Sunday, March 24, 2013


I have a six-point check list that helps guide me when I’m planning a perfect winter get-away. If I can hit 3 of the 6 marks, I’m sure the vacation will be good. Hitting four of the marks is better and until this year, I’ve never been anywhere that rated more than 5 scores. Here’s my checklist:

1)Warmth of the tropics. I’m not talking jacket warm, I’m looking for sweaty warm on a sunny afternoon.
2) White sandy beaches. I don’t really care if the sand is white, red or black, but white sounds better.
3) World Class Fishing. Fishing for what? I don’t really care other than the bigger, the better and if they happen to be tasty, that’s an additional plus.
4) Cold Margaritas, (good food, plenty of choices - but cold Margaritas are very important.)
5) Affordable prices. This one is tough since you have to factor travel expense, accommodations, food and fishing.
6) Small town atmosphere. This may not make everyone’s list, but I choose to live in the boonies and heading for a city (even one with the above 5 attributes) for a vacation isn’t high on my list.

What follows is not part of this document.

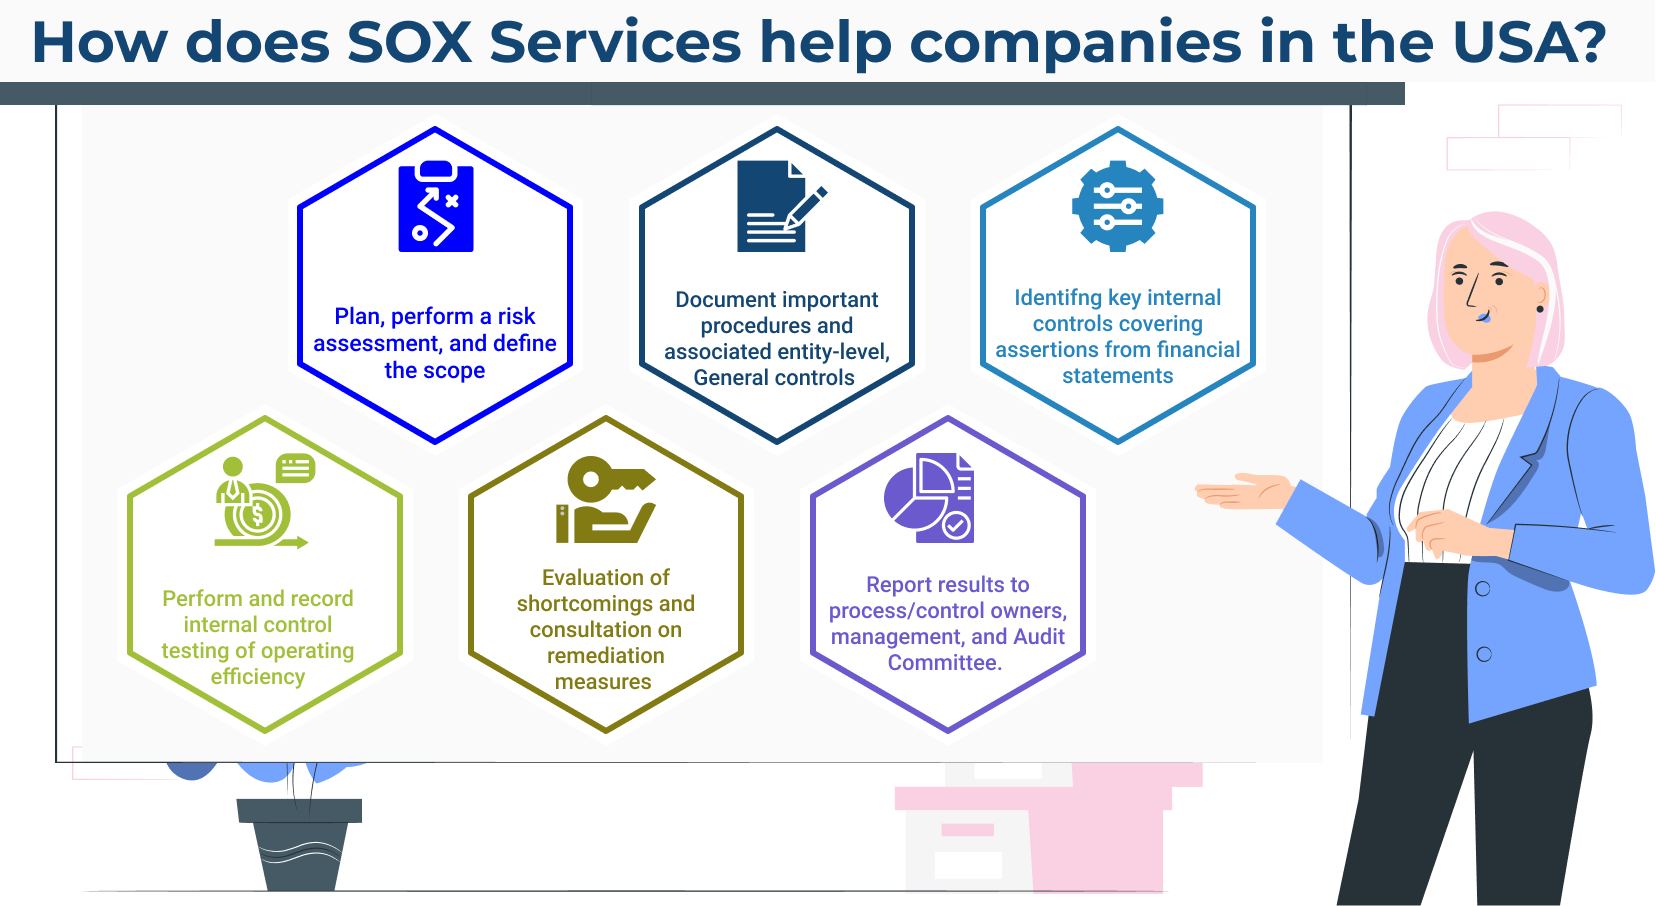 How does SOX Services help companies in the USA?

In February, I found a perfect-six at the Isla Mujeres (Isle of Women) which is about 6 miles off the coast of Cancun, Mexico. Cancun is in the Tropics. That’s why it’s become a popular winter retreat for millions of people.  Isla Mujeres is small town. I loved it.
Isla Mujeres features white sandy beaches on one side and rocky, California-like beaches on the other. Both sides have numerous restaurants and stop-over points where cold Margaritas are dispensed. And there’s never a line. Okay, maybe by the ferry boat docks it might take a minute to get a cervesa-frio, but elsewhere, a cold drink and warm welcome is instantaneous.
One of the reasons Mexico has become a popular tourism spot is affordability. Cancun is huge and offers lots of flight options. The ferry costs 12 bucks round trip. On the island a taxi can take you from one end to the other and back for $3 - if you feel the need to travel.
And the fishing is good. I hired Capt. Jorge Mostalac ( for 4 days for what a comparable experience state-side would cost for a day.
A perfect-six? Absolutely!


Saturday, March 9, 2013


     It’s hard to look at a snow covered landscape and think spring is anywhere near. But yesterday made me confident. Though the temperature only climbed to around 40 degrees, with little wind and almost zero clouds against the blue, it was easy to feel the warmth of the early March sun. 
I didn’t look for robins, it wasn’t sandhill cranes flying like last week. I spent the afternoon in the “sunroom” on my pole building repairing, oiling and respooling my fishing reels. Just outside the solar heated ell, I checked for (and found) thousands of “snow fleas,” the little insects that are one of the a surest signs of spring. In the world of entomologists, they are known as Achorutes nivicola; to others they are springtails, but when they emerge to play on the surface of melting snowdrifts, it’s easy to understand their snow flea moniker. 
        They are not even distantly related to real fleas and with a magnifying glass, they don’t look much like a flea, either. They don’t climb on dogs, cats or people. I’m told they feed mostly on decaying vegetation and fungi. But when you walk outside and spot what looks like energetic flakes of pepper frolicking on remnant snow, it’s snow fleas. 

I suppose there’s some life cycle reason for them to crawl out from under where ever they huddled down for the winter. Perhaps it’s a prelude to their breeding season or an escape from the meltwater dripping under the snow. I like to think it’s just the joy of spring, calling them out for a few hours of spring’s promise.